M. Sanderson and J. Zobel. Information retrieval system evaluation: Effort, sensitivity, and reliability. In Proceedings of the Special Interest Group on Information Retrieval SIGIR’05, pages 162–169, Salvador, Brazil, August 15-19 2005. ACM. [pdf]
This paper discuss the way other researcher comments their results on the effectiveness of Information Retrieval systems. Effectiveness, in this context, is computed by measuring the ability of systems to find relevant documents. Statistical significance tests like the t-test and the Wilcoxon are commonly used. These tests are based on a series of assumptions: namely that the values being tested are distributed symmetrically and normally, and that are a random sample of the population. Additionally, the tests produce type I and type II errors. A type I is a false positive with an incidence of 1 every 20 tests at p-value of 0.05. A type II is a false negative with an unknown incidence.
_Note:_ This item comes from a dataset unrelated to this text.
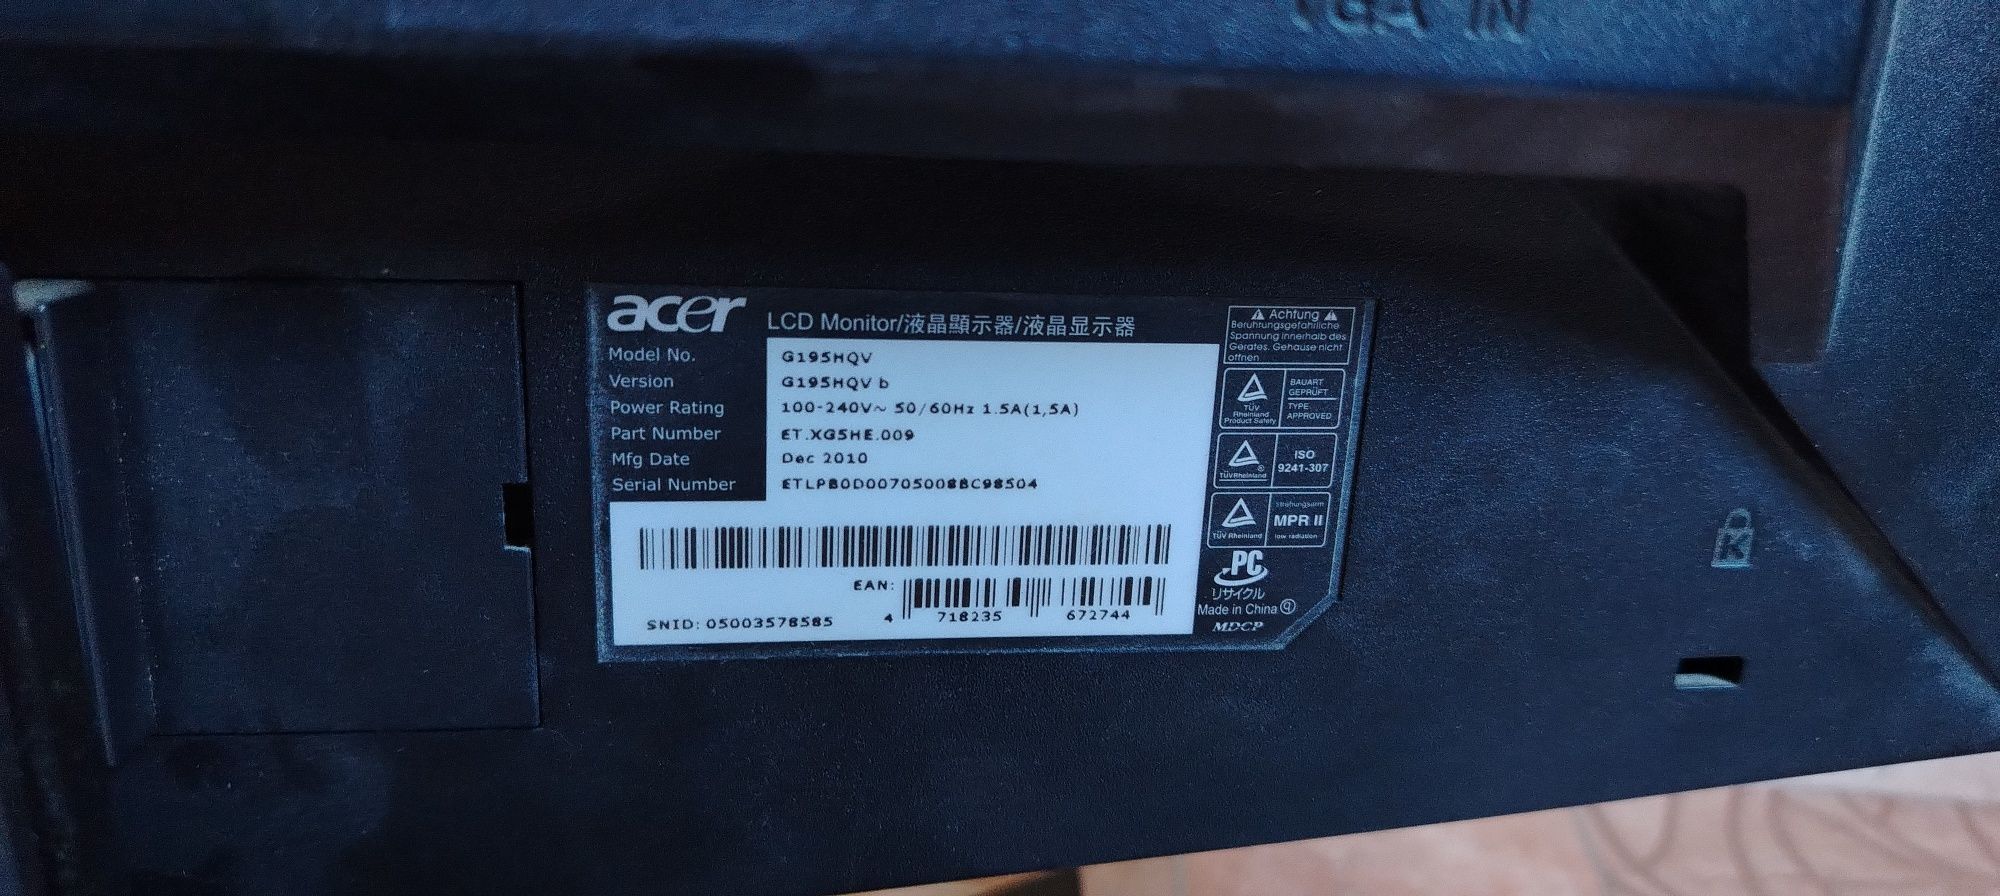 Продам монитор Acer в хорошем состоянии

The results computed by the authors show that if significance tests are omitted or if the improvements are small, results are not reliable. Some conclusions sets a teting methodology:
1- they found the t-test more reliable than the the alternatives, based on the false-positive rate of 5%;
2- another criteria found is that the Mean Average Precision (MAP) difference between the tests should be bigger or equal to 20% with a positive significance test in order to demonstrate positive results for the tested IR engines;
3- for small topic set sizes (<25) observing statistical significance does not guarantee that a result will be repeatable in other sets of topics.